Além disso, a antecipação na comercialização e a armazenagem própria ampliam o poder de compra dessas indústrias.
Como consequência, o fluxo de milho para exportação perde força.
Etanol de milho ganha força e impacta exportações de milho
A expansão do etanol de milho tem provocado uma transformação silenciosa, porém profunda, na cadeia produtiva.
Com unidades instaladas próximas às lavouras, o custo com transporte diminui drasticamente.
“Essas plantas de etanol estão muito próximas da produção de milho, o que reduz significativamente a exposição ao frete.
Uma exportadora no Mato Grosso, por exemplo, precisa transportar esse milho por cerca de 2.000 quilômetros até o porto”, afirmou ao Money Times.
Essa diferença logística cria uma vantagem competitiva clara.
Enquanto exportadores enfrentam longas distâncias até os portos, as usinas compram diretamente na origem, oferecendo preços mais atrativos ao produtor.
Assim, as exportações de milho passam a enfrentar um ambiente mais desafiador, especialmente em momentos de concorrência acirrada com grandes players globais.
Recorde em 2023 e nova dinâmica no mercado
Depois de atingir um recorde histórico em 2023, os embarques brasileiros começaram a perder ritmo. Segundo a especialista do Rabobank, a mudança não é pontual, mas estrutural.
“As exportações atingiram um recorde significativo em 2023 e, desde então, vimos uma redução significativa desse volume”, afirma e detalha:
“No mercado de exportação, trabalhamos com janelas oportunas. Fica muito difícil competir com EUA e Argentina nesse mercado. Se adicionarmos toda essa mudança na dinâmica do mercado brasileiro, isso tende a limitar cada vez mais os embarques do Brasil”.
Ou seja, o Brasil continua relevante no comércio global, mas enfrenta maior concorrência e, agora, uma demanda doméstica mais robusta.
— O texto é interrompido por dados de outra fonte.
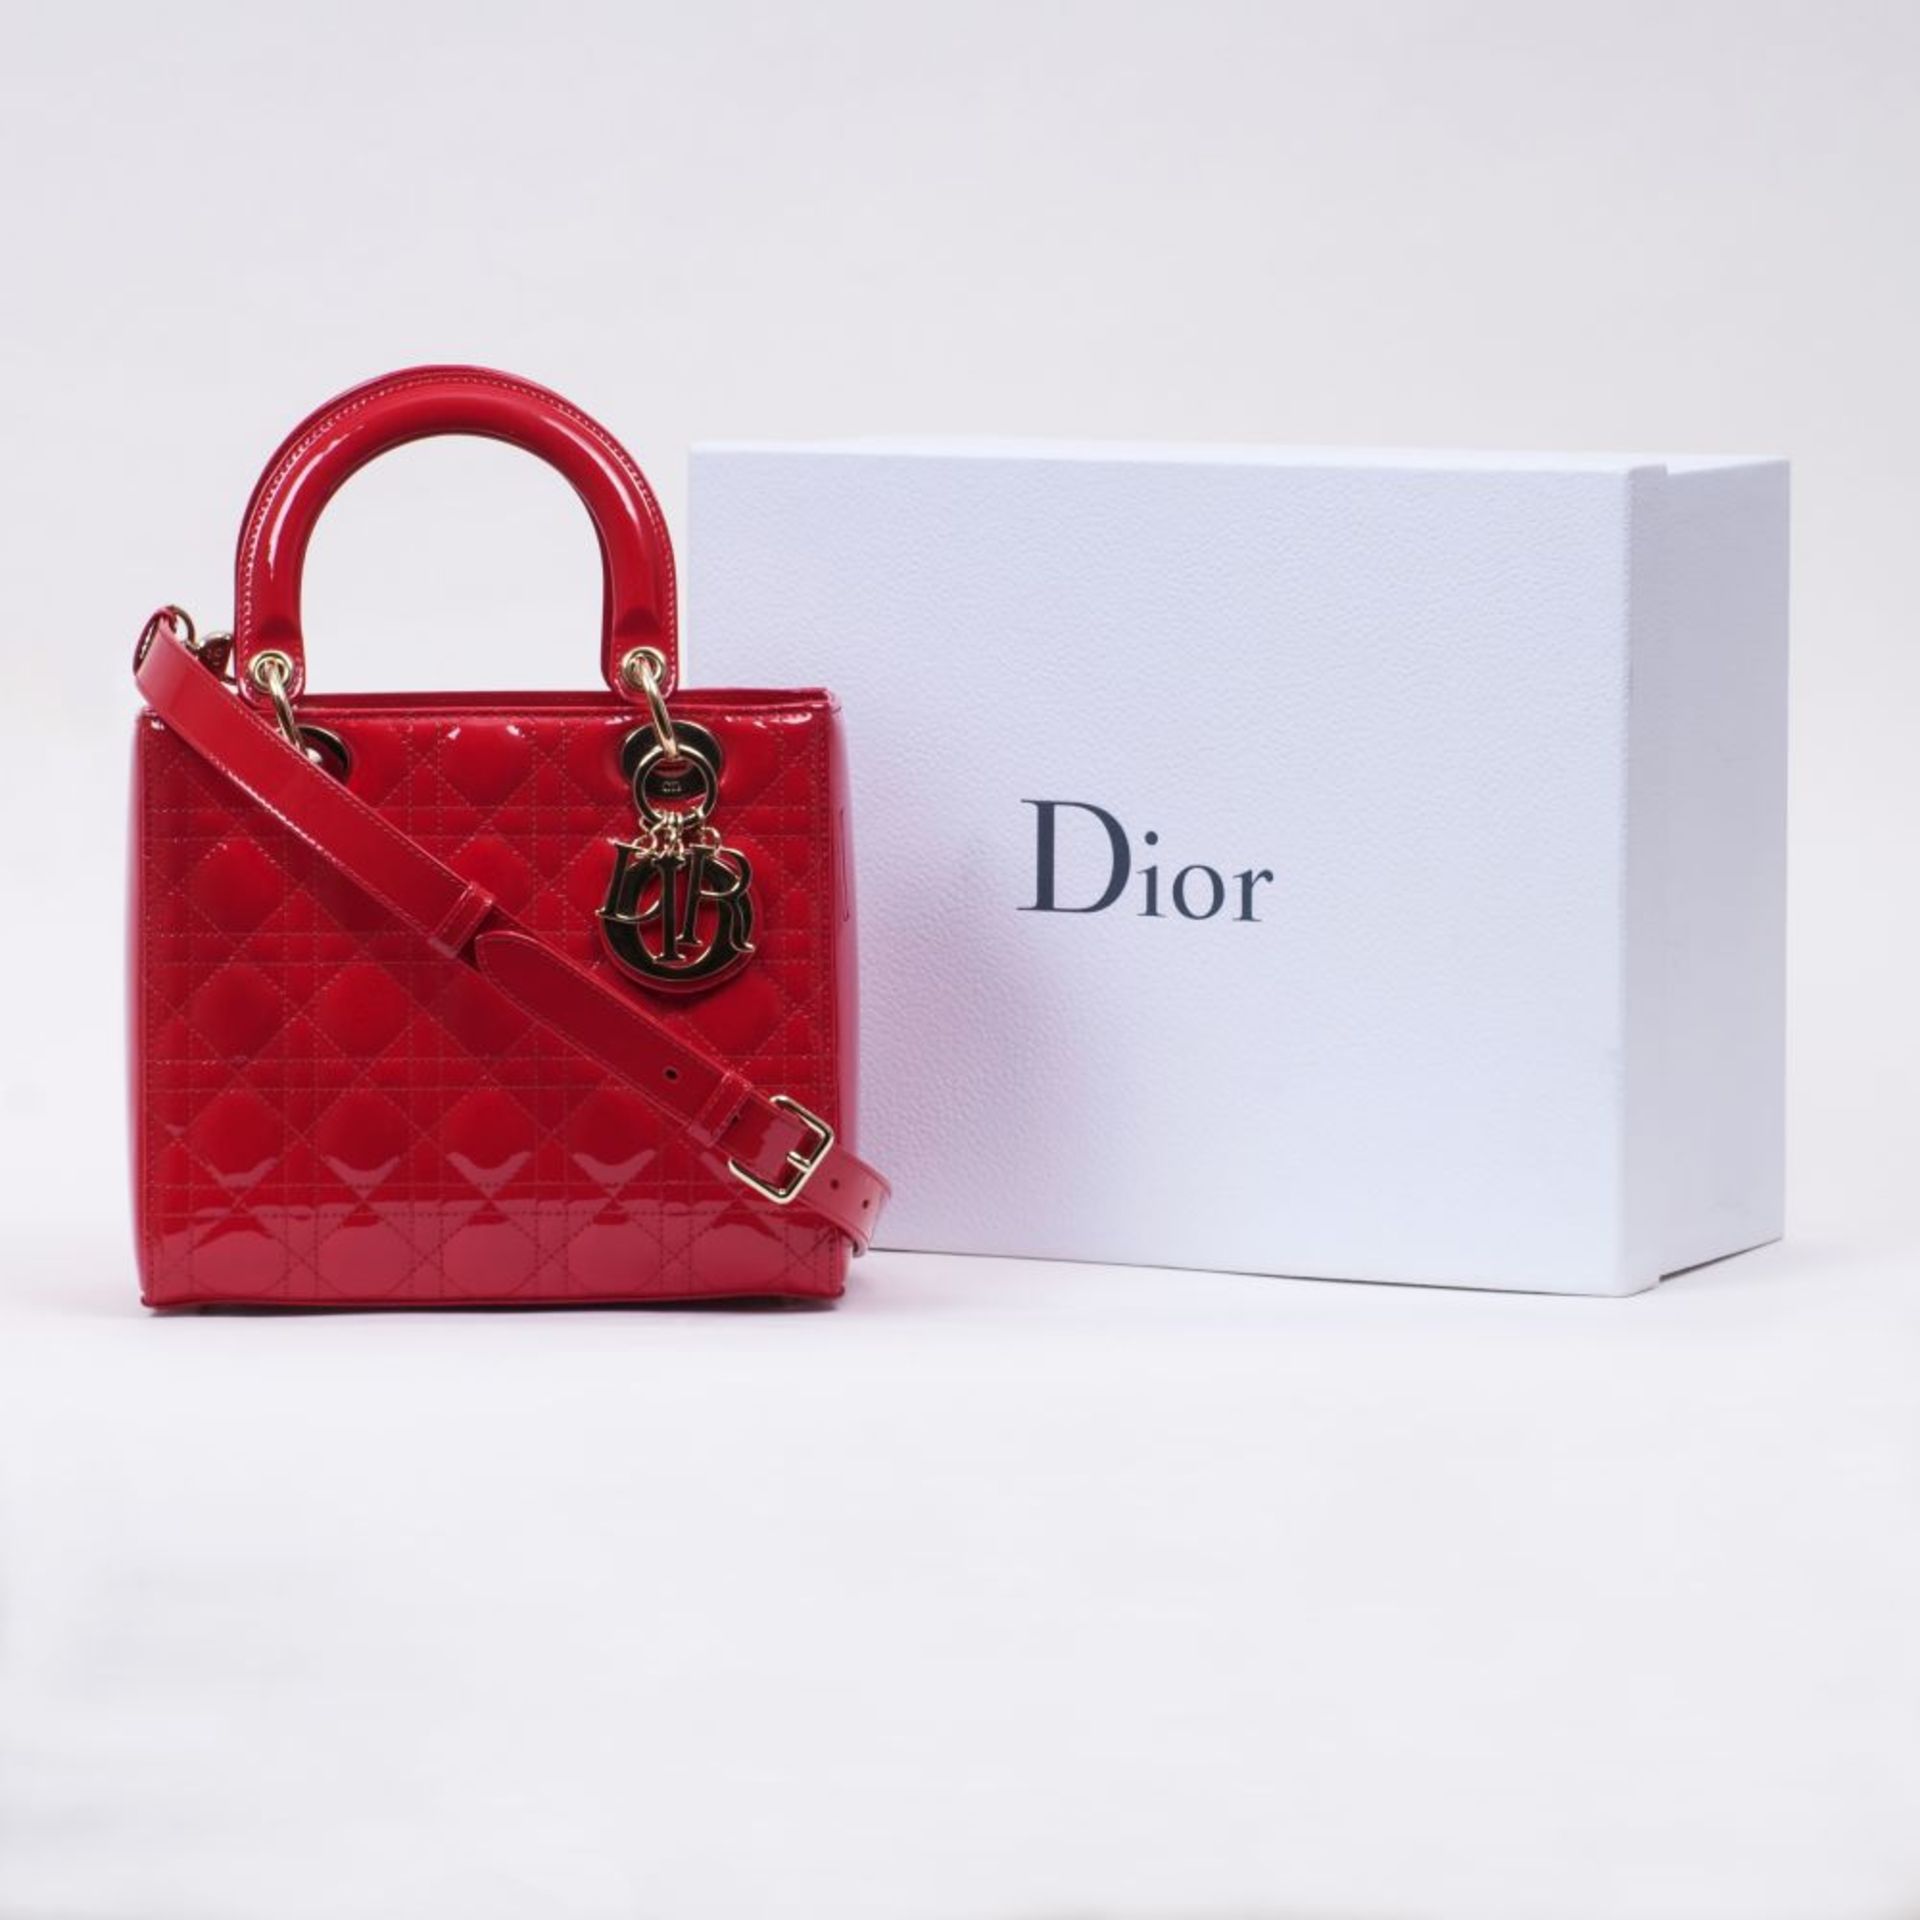 Christian Dior. Lady Dior Bag Kirschrot. - Image 2 of 2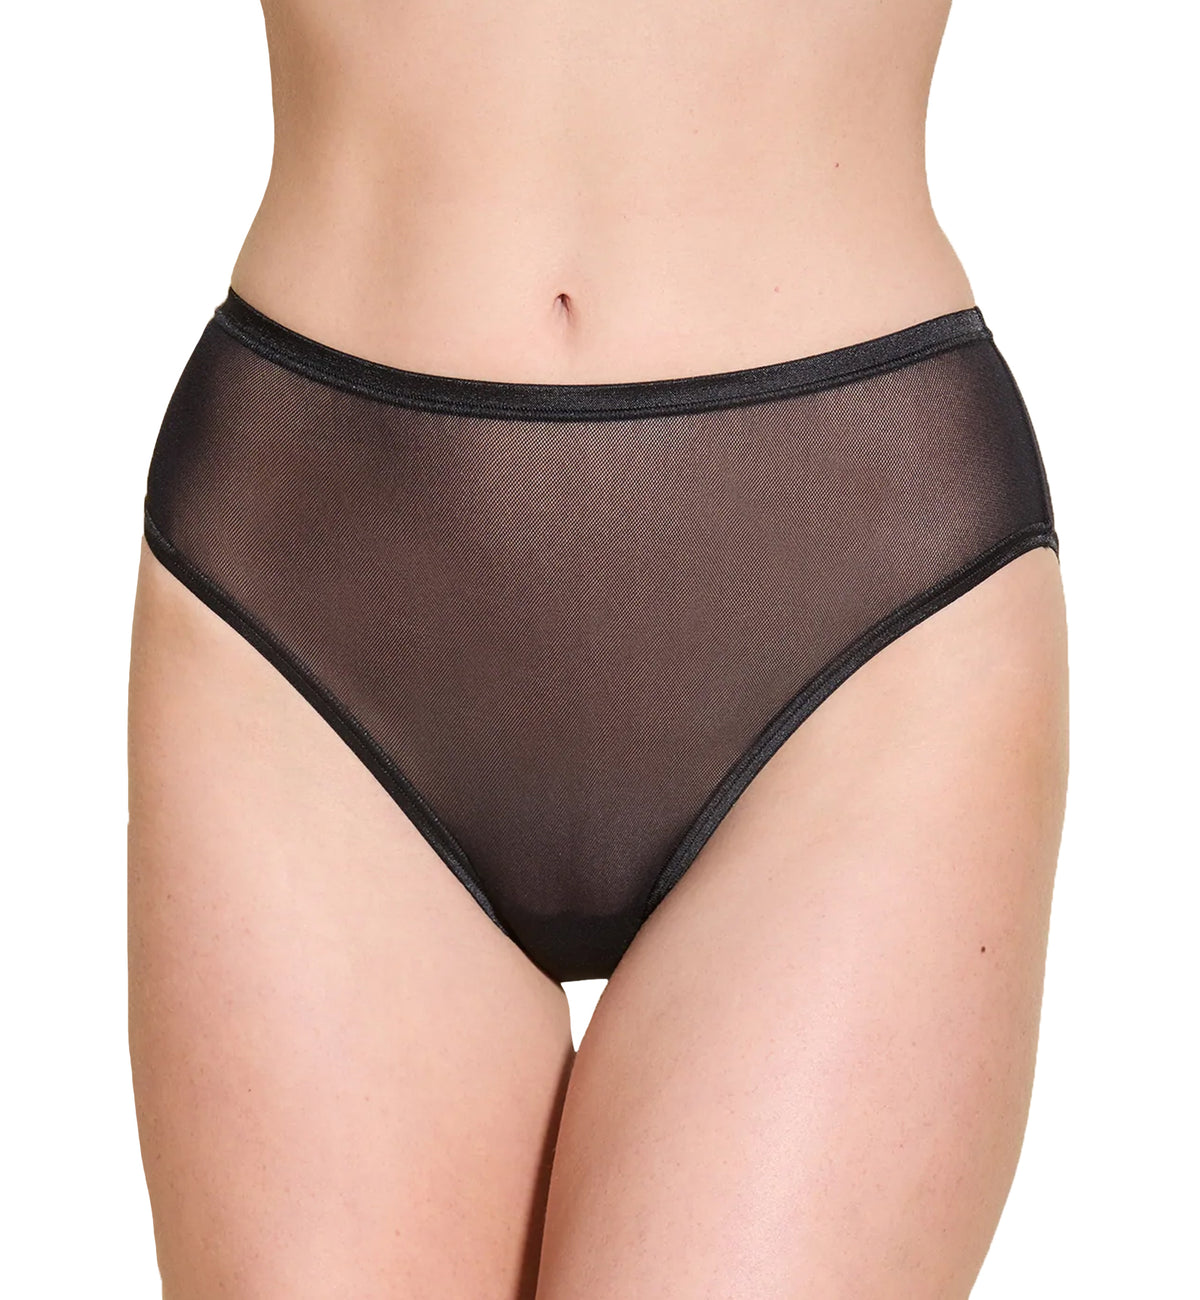 Cosabella Soire Confidence High Waist Brief Panty (SOIRC0562),Small,Black - Black,Small

O fortalecimento do mercado interno torna o setor menos dependente de fatores externos.
Mercado interno fortalece o milho frente à soja
Historicamente tratado como cultura secundária, o milho ganhou protagonismo na renda do produtor rural.
Atualmente, o grão responde por cerca de 48% da receita, enquanto a soja representa 52%.
Esse equilíbrio mostra uma mudança significativa em comparação ao passado. “Em 2013, falávamos de um milho a R$ 12 por saca.
Hoje, o contrato para março de 2026 na B3 gira em torno de R$ 70,95.
O milho era praticamente marginalizado pelo produtor.
Agora, com a expansão do mercado interno, tornou-se uma commodity cada vez mais relevante na composição da receita”, avalia Marini.
O avanço do etanol de milho contribui diretamente para essa valorização.
Além de ampliar a demanda, o biocombustível também torna o setor menos vulnerável a crises geopolíticas, diferentemente da soja, que depende mais do comércio internacional.
Volatilidade de preços exige cautela do produtor
Apesar do cenário positivo para o mercado interno, o momento é marcado por forte volatilidade de preços.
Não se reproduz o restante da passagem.